2. What does it mean that the universe is expanding?
3. How old is the universe?
4. How has the universe evolved?
5. What have we learned from the cosmic microwave background radiation?
7. What's the "dark energy"?
8. What does it mean for the universe to be "flat"?
9. What powered the Big Bang? Inflation?
3 main pieces of conclusive evidence suggest that our universe began with an expansion of a very compact and hot concentration of energy (the "Big Bang"):
Since the 1920s astronomers have discovered that all the distant galaxies are going further and further from us and from each other. This means that the galaxies used to be closer and closer to each other as we go back in time... until at some long time ago all the matter in the universe was squeezed together.
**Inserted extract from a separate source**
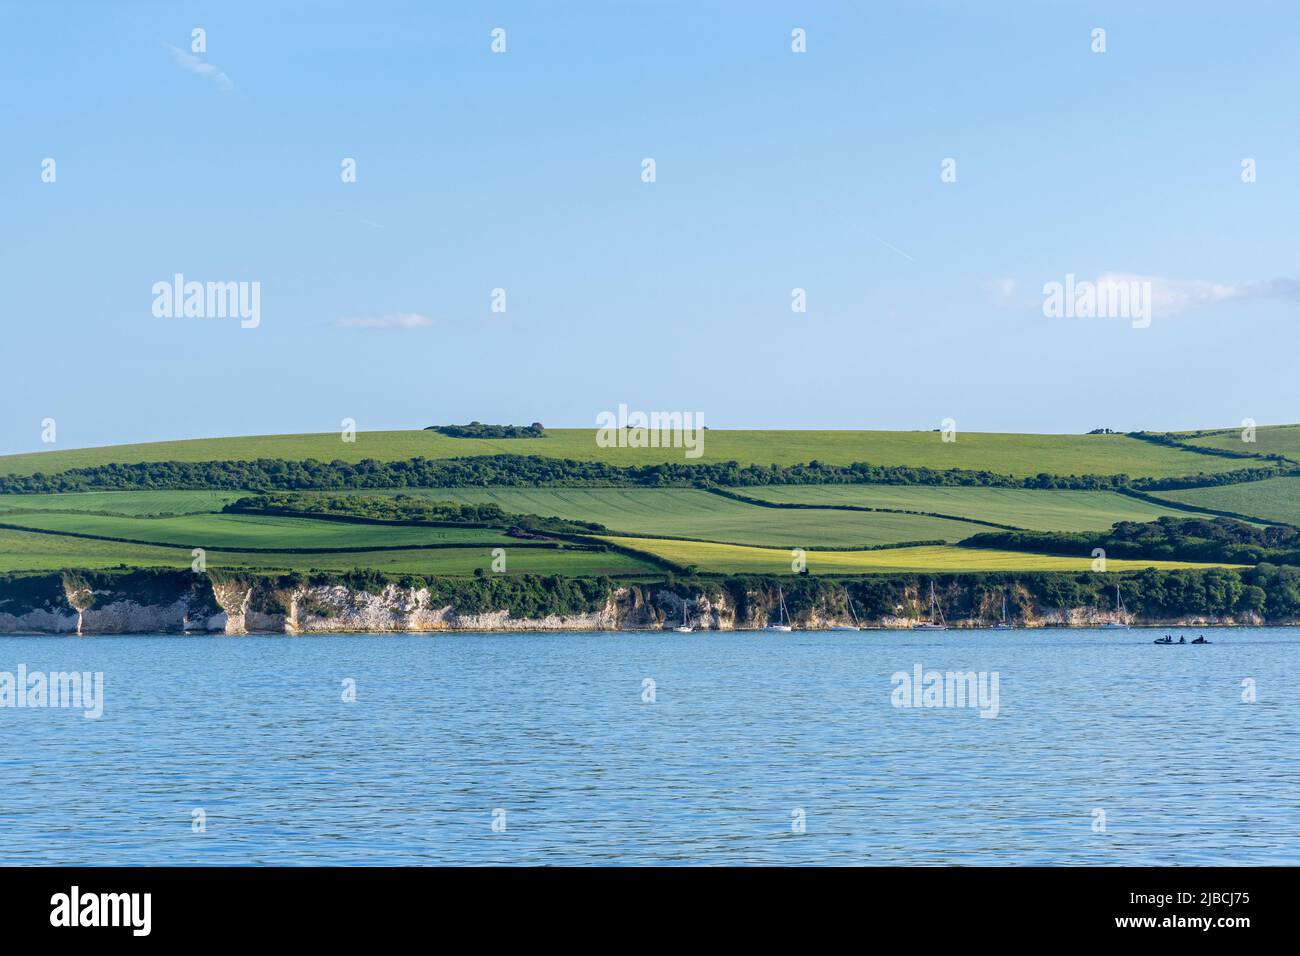 Blick auf die jurassic Coast vom Meer aus gesehen, mit landwirtschaftlichem Land und felsiger Küste, Dorset, England, Großbritannien. Dorset Küstenlandschaft. Stockfoto

The universe back then must have been very dense and very hot.
This high temperature explains why there seems to have been nuclear fusion that created helium (by fusing protons and neutrons) even before the first stars formed. Calculations based on the hot beginning of the expanding universe conclude that about 1/4 of the matter must have been converted into helium at the time, and this fraction is exactly what the observations show to be the abundunce of helium before star formation.
If it was so hot everywhere in the beginning, the universe must still be filled with the radiation left over from such a hot beginning. This radiation was first detected in 1964 and has been studied in more and more detail since then.
Learn more about the Big Bang (still accessible to any reader).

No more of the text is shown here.